Grab-rails are often required to withstand considerable force. The way in which a grab-rail is fixed into the wall will determine the amount of force that can be applied through the rail. Things to consider when installing a grab-rail include: The material the wall is made of Brick, timber frame or plasterboard will all require different methods of installation. Some walls are not suitable for grab-rail installation as they may not be able to take the stress of a person’s full weight. Where the studs are in the wall If practical, it is suggested that at least one end of a grab-rail be fixed into a wall stud to increase rail strength.

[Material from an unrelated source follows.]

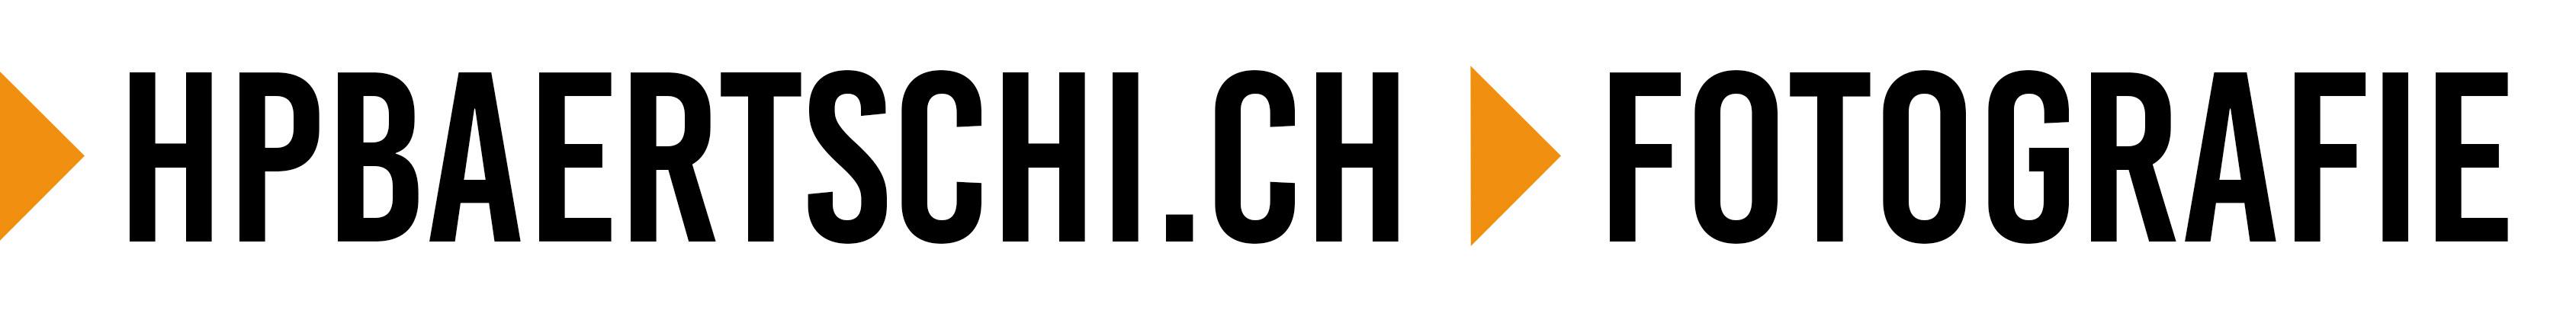 Hanspeter Bärtschi

It is recommended that a builder be consulted for the installation of grab-rails to ensure that the correct fittings are used for specific types of walls. Fixings can be exposed, concealed or vandal-proof and the number of fixing holes to attach screws and so on can vary between rails.

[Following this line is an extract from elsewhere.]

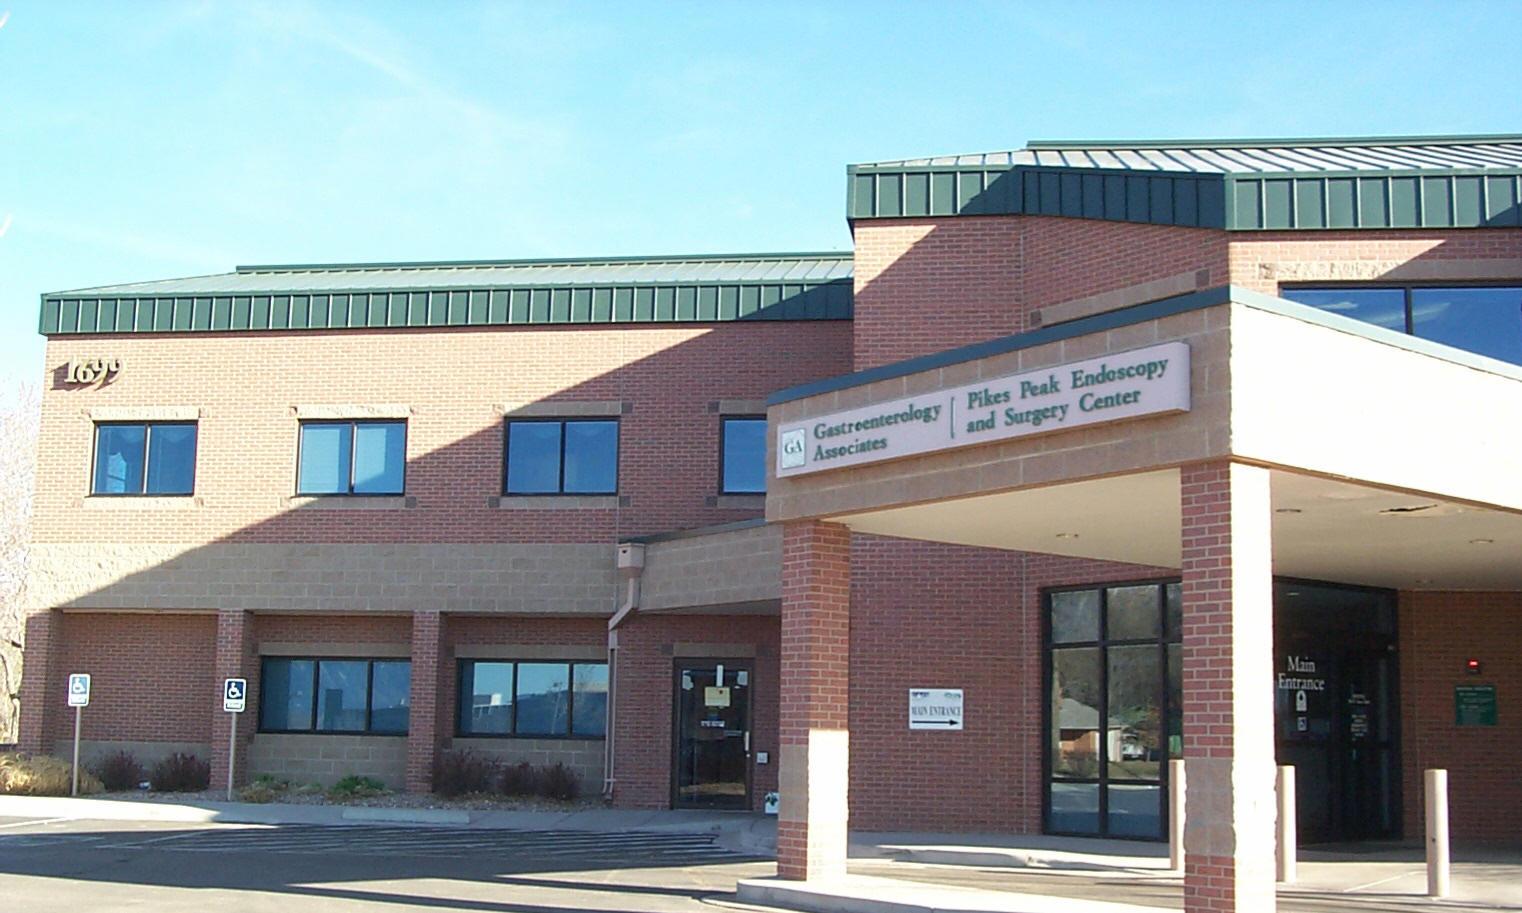 GastroenterologyAssociates of Colorado Springs

The distance from the wall to the grab-rail is important to consider, as it needs to allow room for finger clearance as well as provide room for the hand to move along the top of the grab-rail without obstruction. Australian Standards recommends that the distance between the grab-rail and wall should be 50 to 60 mm with a 600 mm unobstructed clearance above the rail, a minimum of 50 mm unobstructed clearance below the rail except at fixing points and 270 degrees on the top section of the rail with no obstructions.
It is important to regularly check rails and fittings for any signs of rusting, insecure attachment, rotation in the fitting or change of shape. Consideration must be given to the size and strength of the grab-rail so that it is appropriate for the person using it. Consider the amount of weight an individual will put through the grab-rail and their ability to grasp the rail safely.